Does MISRA C++ Rule 14-5-1: (Do not declare a generic function in an associated namespace) apply for std::operator<<?

Question

MISRA C++ 2008, Rule 14-5-1 states that "A non-member generic function shall only be declared in a namespace that is not an associated namespace".

Considering the case of (e.g) overloading the operator<<(), I wonder if this is not the very case to avoid with the MISRA rule. Example:

#include <iostream>
std::ostream& operator<<(std::ostream &s, int x){    
   s << "my operator<<" << std::endl;
   return s;
}

int main() {
   std::cout << 5L << std::endl;
   return 0;
}

This results in not calling my output operator, but rather the STL output operator. So: is this an example of MISRA rule 14-5-1 violation where ADL picks the unintended function?

Answer 1

As I understand, that rule is to avoid that template (free) functions are used with ADL.

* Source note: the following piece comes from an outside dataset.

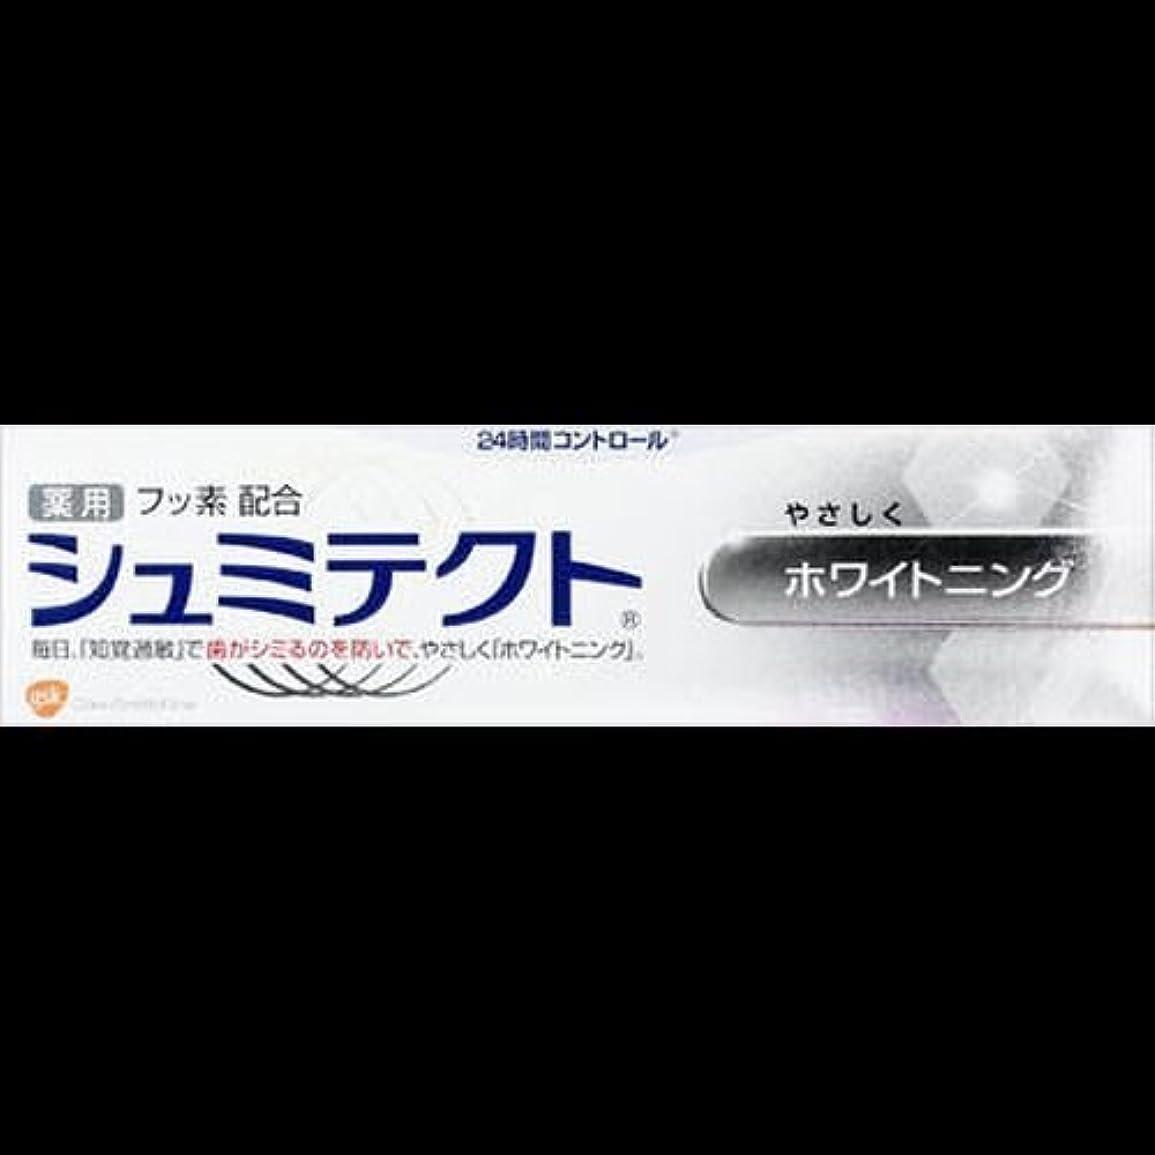 【まとめ買い】薬用シュミテクト ホワイトニング 90g ×2セット

operator<<() doesn't apply, except maybe the following (because of T)

template<class charT, class traits, class T>
basic_ostream<charT,traits>&
operator<< (basic_ostream<charT,traits>&& os, const T& val);

but anyway, operator are mostly useless without ADL, or else we would have to import them before there usage (as we should do for UDL as operator ""s)

Better example would be std::begin which broke the rule:

std::vector<int> v;

begin(v); // -> std::begin(v)

I don't understand which errors that rule try to prevent.